Thanks to an EU Regulation, the European Medicines Agency has now the means to strengthen the tools against drug shortages and medical devices shortages. Here are all the news.

The drug shortages are a problem that has afflicted all European countries for several years. With the advent of the pandemic situation from Covid-19 the question has become even more dramatic. To remedy this, the European Parliament and the European Council issued the Regulation (EU) 2022/123. Its aim is to strength the tools of the EMA (European Medicine Agency) to fight the shortage of medicines and medical devices.

The Regulation was published on 31 January 2022 and was became applicable from 1 March 2022. Its main objective is to strengthen the EU’s role in monitoring shortages of both medicines and medical devices, through the establishment of new structures inside EMA. In this way, it will be possible to avoid supply problems even in the event of future health emergencies.

In order to manage the drug shortages and medical devices shortages, the new Regulation brought about the introduction of two steering groups (Medicines Shortage Steering Group and Medical Device Shortage Steering Group), the implementation of a platform for collecting shortage and the activation of an operational task force.

A new introduced by the regulation is the Medicines Shortage Steering Group (MSSG). It is a steering group made up of representatives from each Member State plus one from EMA and one from the Commission. Its aim is to monitor and prevent medicines shortages in each Member State.

A working group made up of representatives from each state’s drug agencies was also established to support the MSSG.

The task of the MSSG is to provide the EU Commission, the Member States, the companies and others, including representatives of healthcare professionals and patients, with recommendations to prevent or mitigate shortages of medicines.

The MSSG also takes care of drawing up the list of critical drugs, that are those medicines necessary for emergency treatment.

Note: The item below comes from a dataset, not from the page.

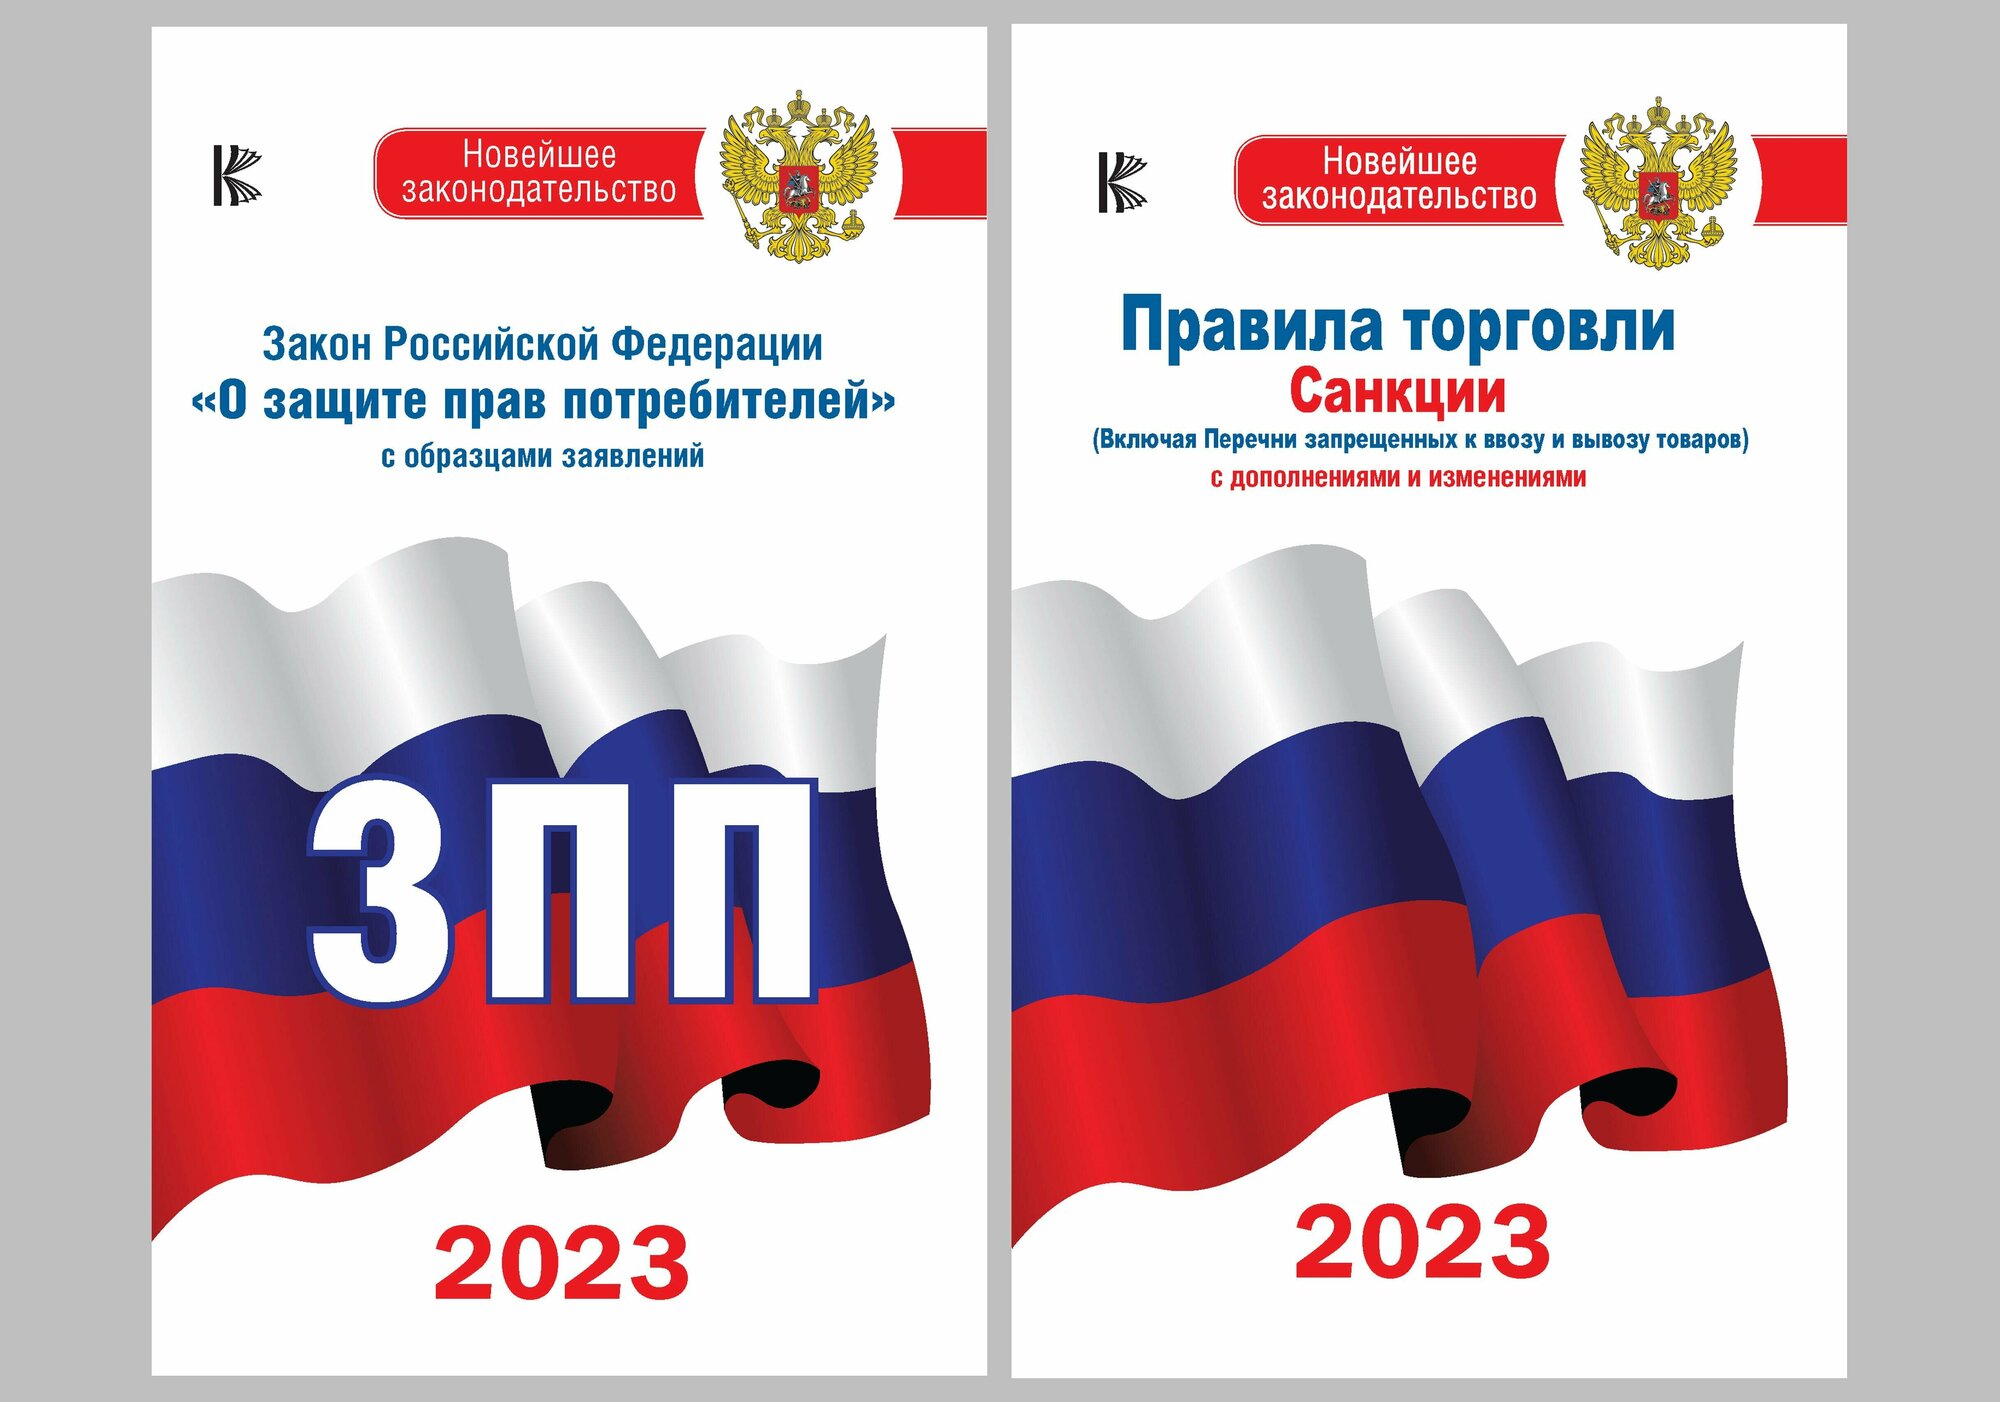 Комплект из 2-х книг: Закон РФ " О защите прав потребителей" на 2023 год Правила торговли с изменениями и дополнениями на 2023 год .

In the event of an emergency or serious event, the MSSG may require pharmaceutical companies to provide information about these medicines and for pharmacies and wholesalers to provide evidence of actual or potential shortages.

In parallel to the MSSG, the MDSSG, that is the group for the monitoring and management of specific deficiencies of medical devices, was also established.

With the Regulation, the European Shortage Monitoring Platform (ESMP) was introduced, a platform for collecting data on drug shortages.

The ESMP, which must be fully operational by 2 February 2025, will be fed with information from MAHs and national medicines agencies. In the Italian case, given that AIFA, the national competent authority, does not have such information, it is necessary to involve pharmacies and wholesalers in monitoring at the distribution level. This information can also be used to possibly declare a state of emergency or a serious event.

An Emergency Task Force (ETF) was also implemented with the aim of simplifying clinical trials of drugs intended to treat, prevent or diagnose diseases responsible for public health emergencies.

Its duties include reviewing scientific data, making recommendations on the use of unauthorized drugs, coordinating independent studies on vaccine efficacy and safety monitoring, as well as providing scientific advice for the development of medicines intended for use during a public health emergency.

The EU’s network of Single Points of Contact (SPOC), a system used by EMA and national competent authorities to exchange information on deficiencies, is now in charge of supporting the MSSG and providing it with recommendations on:

• monitoring and managing shortages and/or availability issues during a crisis and beyond
• update of the EMA plan for emerging health threats
• definition of the main medicines needed for emergency care, surgery and intensive care, in order to help prepare the lists of essential medicines to respond to public health emergencies or serious events
• Guidance for businesses on the Industry SPOC Network (i-SPOC).